Lastly, if you are using dimensionality reduction as a preprocessing step for a supervised learning task (e.g., classification), then you can tune the number of dimensions as you would any other hyperparameter. For example, the following code example creates a two-step pipeline, first reducing dimensionality using PCA, then classifying using a random forest. Next, it uses RandomizedSearchCV
to find a good combination of hyperparameters for both PCA and the random forest classifier. This example does a quick search, tuning only 2 hyperparameters, training on just 1,000 instances, and running for just 10 iterations, but feel free to do a more thorough search if you have the time:
from sklearn.ensemble import RandomForestClassifier
from sklearn.model_selection import RandomizedSearchCV
from sklearn.pipeline import make_pipeline
clf = make_pipeline(PCA(random_state=42),
RandomForestClassifier(random_state=42))
param_distrib = {
"pca__n_components": np.arange(10, 80),
"randomforestclassifier__n_estimators": np.arange(50, 500)
}
rnd_search = RandomizedSearchCV(clf, param_distrib, n_iter=10, cv=3,
random_state=42)
rnd_search.fit(X_train[:1000], y_train[:1000])

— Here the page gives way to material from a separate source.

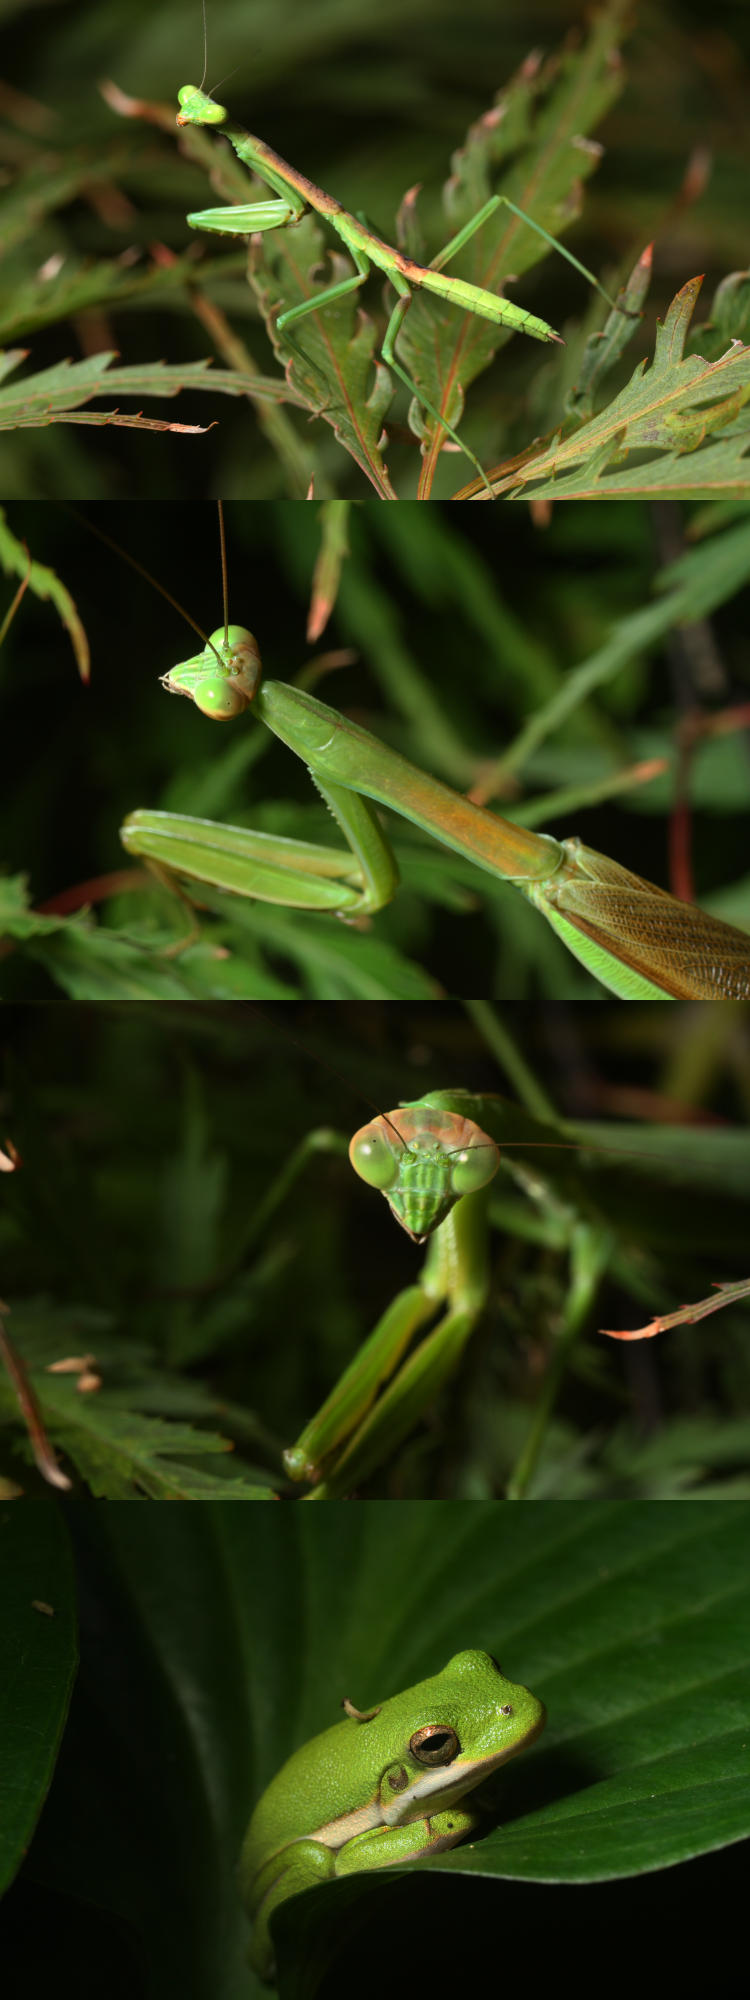 Carolina mantis Stagmomantis carolina Chinese mantis Tenodera sinensis and green treefrog Hyla cinerea all in same scale

Let’s look at the best hyperparameters found:
>>> print(rnd_search.best_params_)
{'randomforestclassifier__n_estimators': 465, 'pca__n_components': 23}
It’s interesting to note how low the optimal number of components is: we reduced a 784-dimensional dataset to just 23 dimensions! This is tied to the fact that we used a random forest, which is a pretty powerful model. If we used a linear model instead, such as an SGDClassifier
, the search would find that we need to preserve more dimensions (about 70).